Proportions and other Stuff about Expansion

[ComaBerenices]

I'm not too well read in cosmology, but I know the universe is presumed to be homogeneous in space but not in time, therefore the curvature of the universe can essentially be calculated under one mean.
I just have a few questions about how the universe expands and whether some proportions are legit.
Firstly, say you have two gravitationally attracted points in space that are expanding away from each other:
http://geometry.freehomeworkmathhelp.com/Geometry_Main_0/geometry_homework_help_line_segment.GIF
Because I have heard that DE does not affect the actual motion of galaxies in space, but simply expands the space between them, would these objects continually accelerate 'towards' each other until they reach the distance where a signal cannot be communicated between them due to the increasing expansion between them? If so, if the two objects were within the range where gravitation and expansion balance out, would the two objects soon come together due to acceleration of velocity because of gravity?

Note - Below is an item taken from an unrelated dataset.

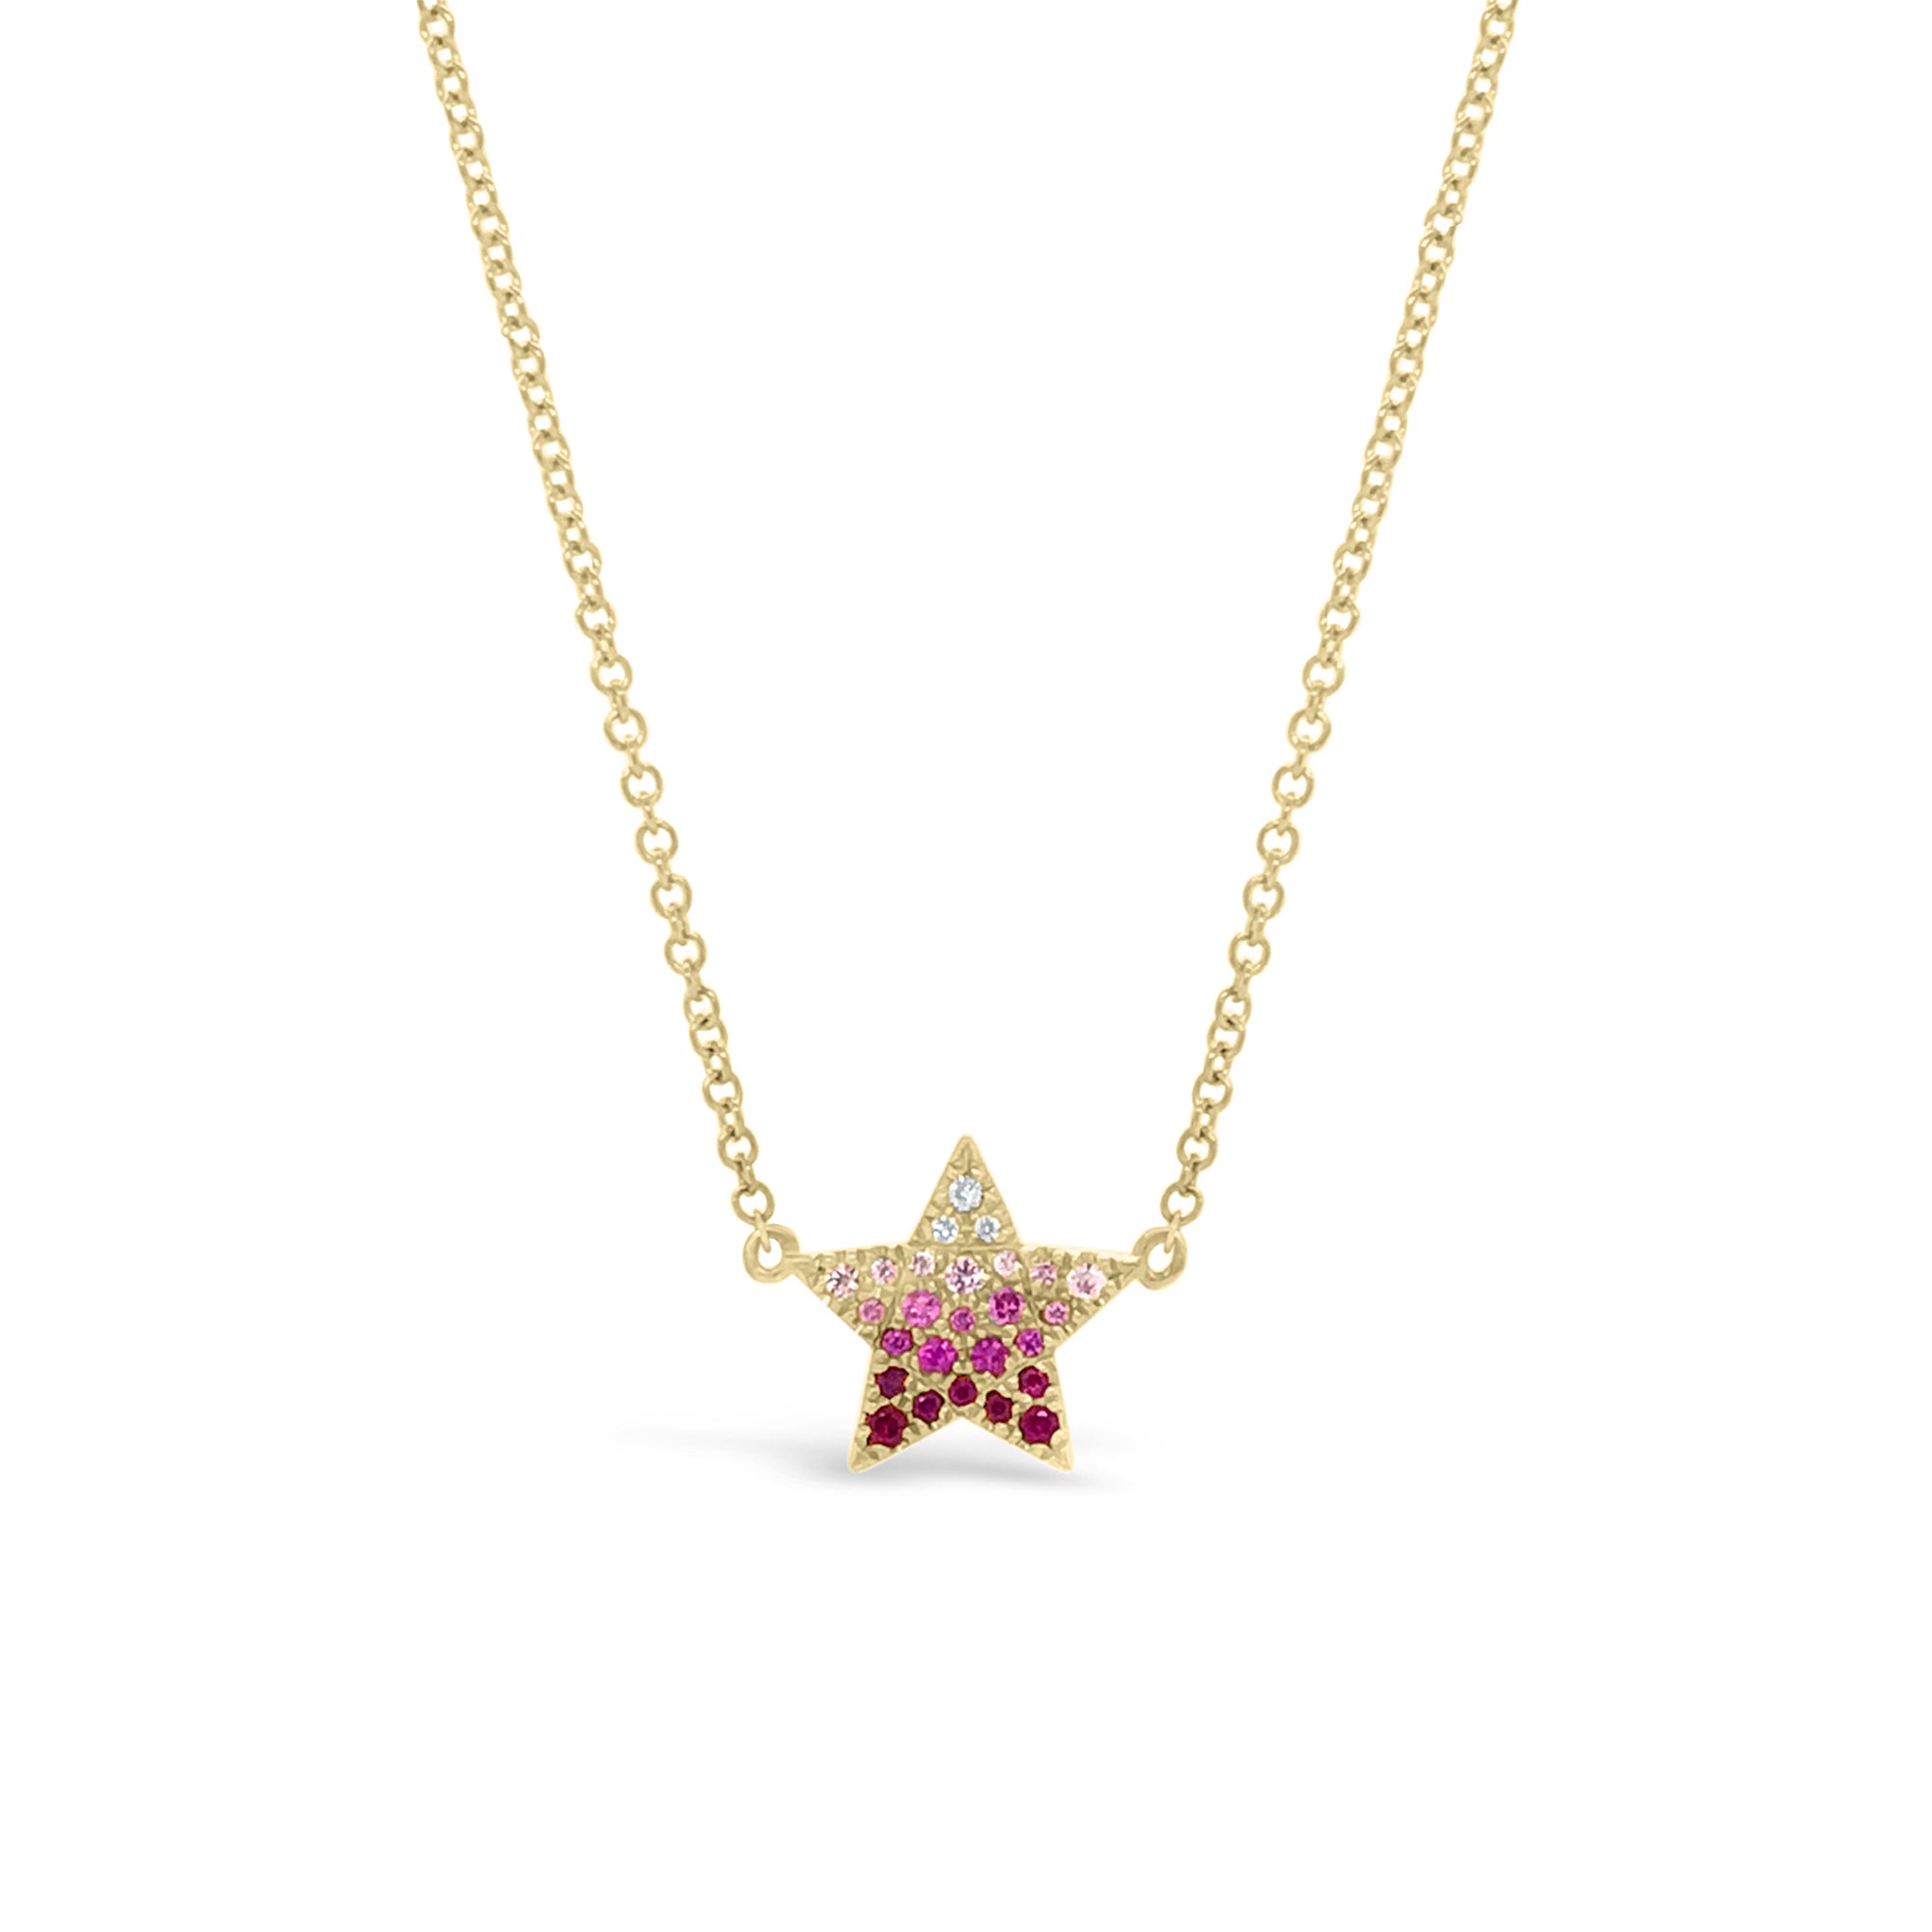 Gradient Gemstone & Diamond Star Necklace  -14K gold weighing 1.80 grams  -23 rubies totaling 0.11 carats  -3 round diamonds totaling .01 carats

Secondly, in an expanding, homogeneous universe, as distances grow, so does gravitational potential energy, as the curvature of space becomes less steep, the gravitational potential energy grows more slowly. This has seemed to correlate with a decreasing Hubble rate of expansion over time, however it is currently decreasing at a decelerated rate. I find this proportion curious so I was wondering whether any cosmologist has looked into this.

Regards,

 

[Bandersnatch]

Because I have heard that DE does not affect the actual motion of galaxies in space, but simply expands the space between them, would these objects continually accelerate 'towards' each other until they reach the distance where a signal cannot be communicated between them due to the increasing expansion between them? If so, if the two objects were within the range where gravitation and expansion balance out, would the two objects soon come together due to acceleration of velocity because of gravity?

Yes, that's why overdense regions in the early universe collapsed to form gravitationally bound objects, like galaxies and groups of galaxies, and why the expansion is visible only on the large scales (e.g. the solar system doesn't expand).
You don't have to separate the two 'kinds' of velocities here, though - you might just as well treat the recession due to expansion as escape velocity w/r to the mass of the overdense region.

Also, this has got nothing to do with the ability to 'communicate signals' - the scale where groups of galaxies are too far away from each other to be gravitationally bound is much less than the distance at which recession exceeds the speed of light. In the same way, when you shoot a probe out of the Solar system with escape velocity, it is going to be continuously affected by the gravity of the Sun, even as you can be sure it'll never return.I'm not too comfortable with the second question, so I'll let somebody else take it (or get back to you later if nobody does).

 

[ComaBerenices]

Okay thanks, I would think there'd still be a gravitational effect creating acceleration, can gravity effect things that recede beyond the Hubble radius?
Apologies if the second bit sounds a bit weird, I read a bit of an arvix preprint that stated that expansion doesn't violate conservation of energy if you take into account gravity as a decreasing negative factor, so I was curious.

 

[Bandersnatch]

I'm saying Hubble radius has got nothing to do with massive systems being gravitationally bound or not. The recession velocities are high enough to exceed escape velocity of a typical overdense region (group of galaxies) on the scale as small as a few megaparsecs.

 

[ComaBerenices]

sorry, misinterpreted! C:

 

[PeterDonis]

in an expanding, homogeneous universe, as distances grow, so does gravitational potential energy

Not really. The concept of "gravitational potential energy" isn't well-defined in a spacetime that is not static. The expanding universe is not static.